Start of Exercise inputs

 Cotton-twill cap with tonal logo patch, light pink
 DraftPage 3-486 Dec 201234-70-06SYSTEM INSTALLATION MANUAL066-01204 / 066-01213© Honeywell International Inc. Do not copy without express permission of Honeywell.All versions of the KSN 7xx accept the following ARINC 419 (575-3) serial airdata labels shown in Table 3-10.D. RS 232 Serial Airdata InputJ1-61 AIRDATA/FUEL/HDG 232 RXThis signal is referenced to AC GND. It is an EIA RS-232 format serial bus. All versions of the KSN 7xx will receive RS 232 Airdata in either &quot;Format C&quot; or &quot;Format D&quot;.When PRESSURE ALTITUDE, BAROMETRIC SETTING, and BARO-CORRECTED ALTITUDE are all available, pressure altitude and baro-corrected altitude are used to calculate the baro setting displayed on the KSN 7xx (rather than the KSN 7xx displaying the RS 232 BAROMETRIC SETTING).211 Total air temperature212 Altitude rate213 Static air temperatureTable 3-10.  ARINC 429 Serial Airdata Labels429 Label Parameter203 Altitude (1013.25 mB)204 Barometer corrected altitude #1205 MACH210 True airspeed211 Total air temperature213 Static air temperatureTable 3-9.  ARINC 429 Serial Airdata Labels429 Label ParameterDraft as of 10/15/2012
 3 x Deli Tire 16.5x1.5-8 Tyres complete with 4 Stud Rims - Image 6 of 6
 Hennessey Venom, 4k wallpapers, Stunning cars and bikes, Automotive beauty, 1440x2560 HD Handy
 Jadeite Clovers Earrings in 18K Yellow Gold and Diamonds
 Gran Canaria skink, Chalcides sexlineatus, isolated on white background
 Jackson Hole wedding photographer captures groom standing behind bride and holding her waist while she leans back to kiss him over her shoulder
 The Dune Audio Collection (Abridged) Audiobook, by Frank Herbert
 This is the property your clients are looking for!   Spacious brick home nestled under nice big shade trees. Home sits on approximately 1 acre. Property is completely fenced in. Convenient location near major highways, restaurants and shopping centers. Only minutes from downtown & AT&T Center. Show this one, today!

End of Exercise inputs

→ How to complete this task
What you return should match, exactly, the stretch of the listing above that runs from the line with "Jadeite Clovers Earrings" to its last line.

→ Worked solution
 Jadeite Clovers Earrings in 18K Yellow Gold and Diamonds
 Gran Canaria skink, Chalcides sexlineatus, isolated on white background
 Jackson Hole wedding photographer captures groom standing behind bride and holding her waist while she leans back to kiss him over her shoulder
 The Dune Audio Collection (Abridged) Audiobook, by Frank Herbert
 This is the property your clients are looking for!   Spacious brick home nestled under nice big shade trees. Home sits on approximately 1 acre. Property is completely fenced in. Convenient location near major highways, restaurants and shopping centers. Only minutes from downtown & AT&T Center. Show this one, today!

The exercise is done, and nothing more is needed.